Notes from the previous meeting

Discussion items

(tick)Project newsNo news
(tick)Status of DP02

Fabrice Jammes:

  • DP02 ingested at IN2P3
  • minor problems with the implementation of the contributions queue in qserv-ingest when ingesting the catalog in IDF were addressed

Fritz Mueller: there is a number of fix-ups

  • ObsCore  tables are missing in IN2P3
  • ForcedSourceOnDIaObject is incorrect, and there is an ongoing effort on generating the correct input data for the table
  • truth tables need to be re-ingested into IN2P2
  • we should be heading towards a single-step ingest of the catalog using qserv-ngest  rather than the experimental step-by-step approach taken so far in qserv-prod and qserv-int . This will be available after the required data corrections will be finalized.
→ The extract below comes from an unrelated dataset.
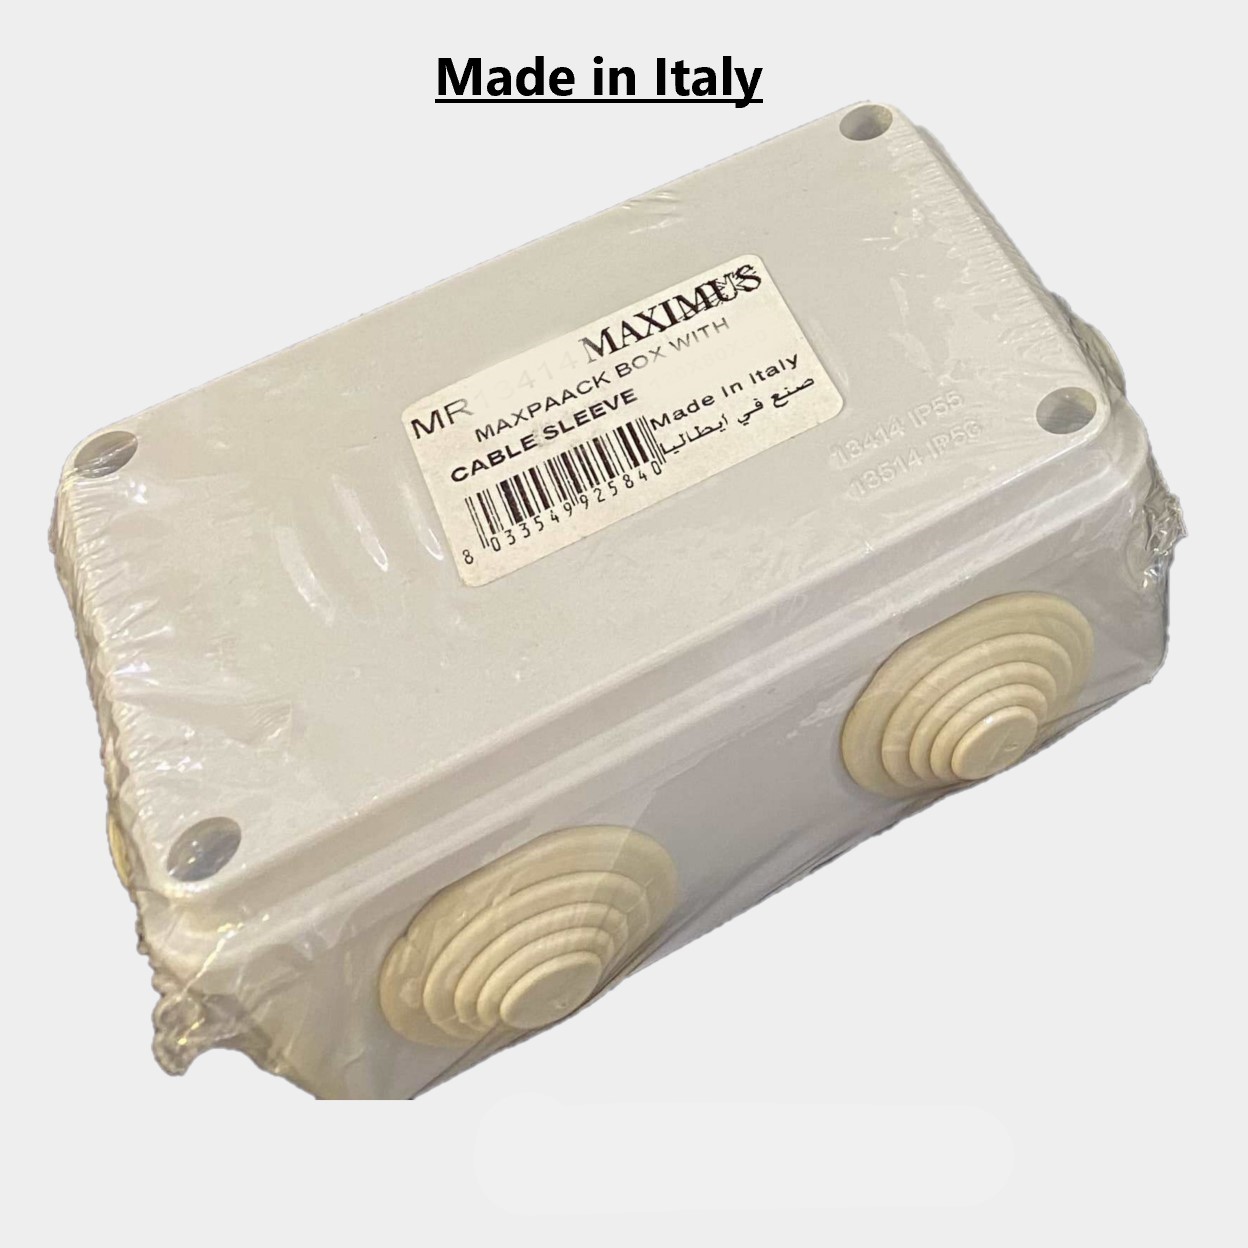 Maximus MAAXPACK Junction Box (MRRS13405) - Surface Mounting Junction box - Size 150 x 110 x 70 mm - IP55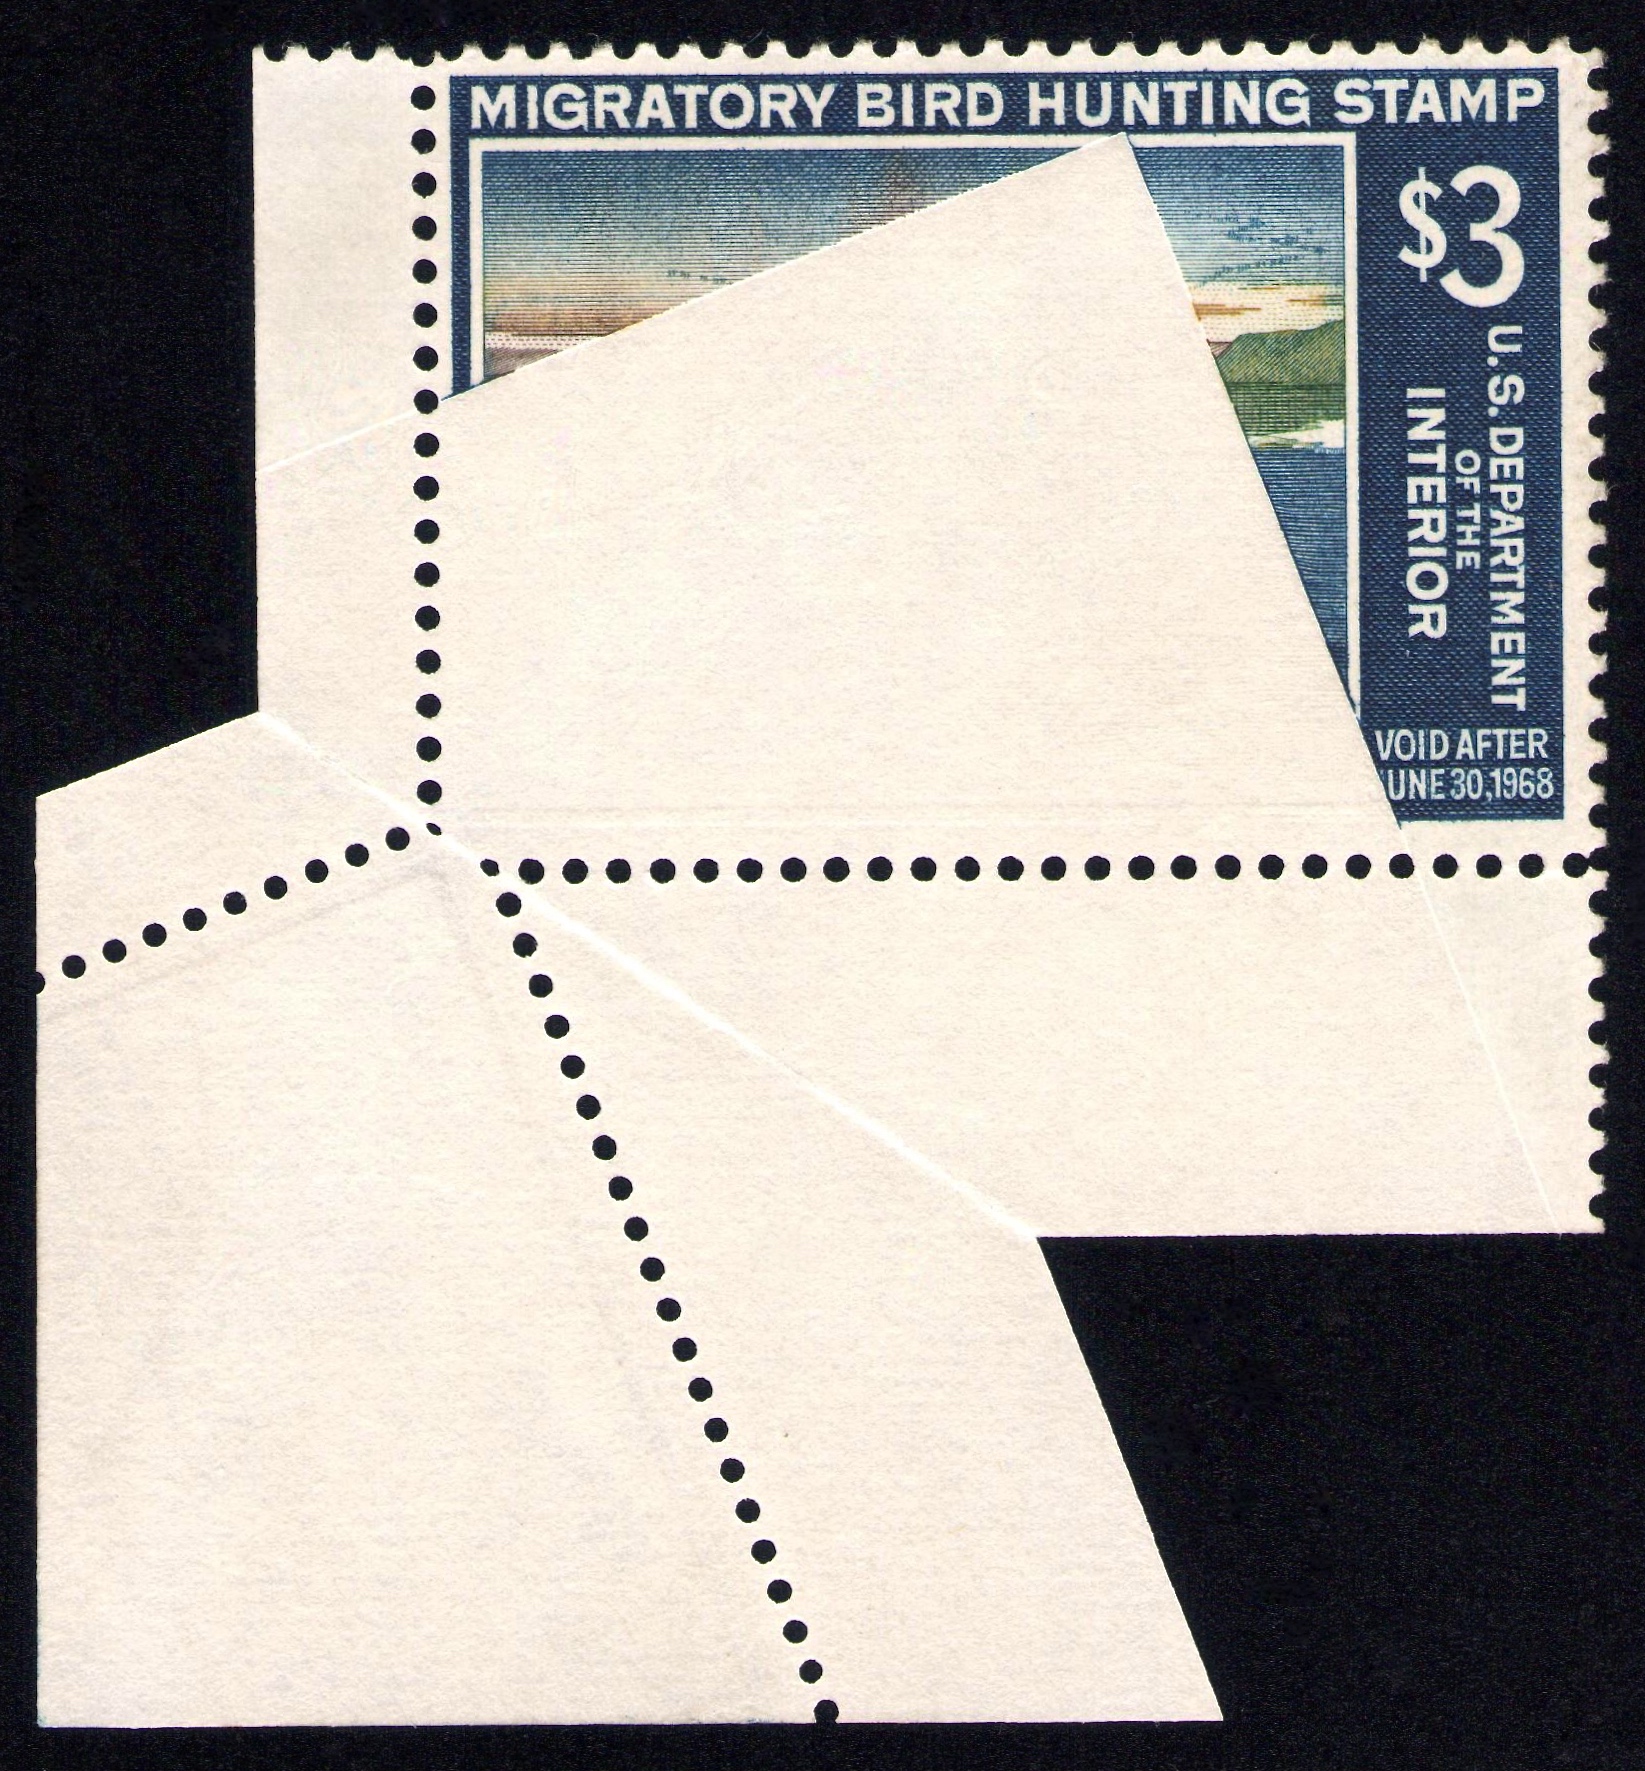 RW34 (1967-68) with Major Paper Fold

Fritz Mueller worked with the RSP team on the performance and optimization of Qserv

  • generating a lot of load (hundreds of parallel queries) on the qserv-int 
  • using Object  and Source  tables only
  • considering switching the tests to qsderv-dev  where the next/final version of the catalog s going to be ingested and retained for the purpose of the performance testing
  • was wondering about the possibility to use (as a whole or in parts) Kraken 
  • Andy Salnikov parts of Kraken  (including the query generator) could be reused. Though, the processing engine was designed to be NCSA-specific (relying on SLURM). The next problem with the idea (of reuse) is that Kraken  talks to Qserv via the MySQL protocol (mysql-proxy), meanwhile the Monkey interacts with Qserv indirectly via the TAP service.

Igor Gaponenko :

  • Fabrice Jammes we need to improve qserv-ingest to allow incremental ingest of tables (one table after another in separate runs of the workflow) as the fix-ups to the catalog by replacing (deleting and re-ingesting) existing tables
  • qserv-dev has 10 workers. Is this okay for the load testing?
  • Fritz Mueller it's good since it would allow testing the scalability of Qserv

Treating the table MatchesTruth as the  RefMatch table:

Status of ForcedSourceOnDiaObject:

  • Colin Slater:  the test version of one tract (split into 49 patch Parquet files) is available for testing. The correct YAML schema is already in the main branch. Links to the Butler collection were posted in the group Slack channel.
  • Igor Gaponenko will work ASAP on ingesting this slice into the separate table ForcedSourceOnDiaObject_v1 and report results to unblock processing of the rest of the collection

Andy Salnikov on the status of extracting data for the table ObsCore (in the long run, not specifically for DP02):

  • have investigated various options considering the performance and complexity of the solutions
  • working on the tech note to summarize those
  • the "quick-and-dirty" solution is available, and it's relatively fast as it only takes 1.5 hours to extract the required data for Qserv. Though, it's not correct.
  • the correct approach for extracting the data had problems with the performance - it runs "forever" (is taking the amount of time that's beyond any practical limits) compared with the quick and dirty
    • because of that, zero chance to implement the extractor as a view in PopstgreSQL
    • a potential option is to have the materialized view (with the drawback of updating the view each time an update to the underlying tables is made. Other issues with this idea may be seen as well.
    • another option - generate the table at a time when the ingest is happening, which will require extra steps for integrating this process with Butler. This has its own implications that would need to be further studied.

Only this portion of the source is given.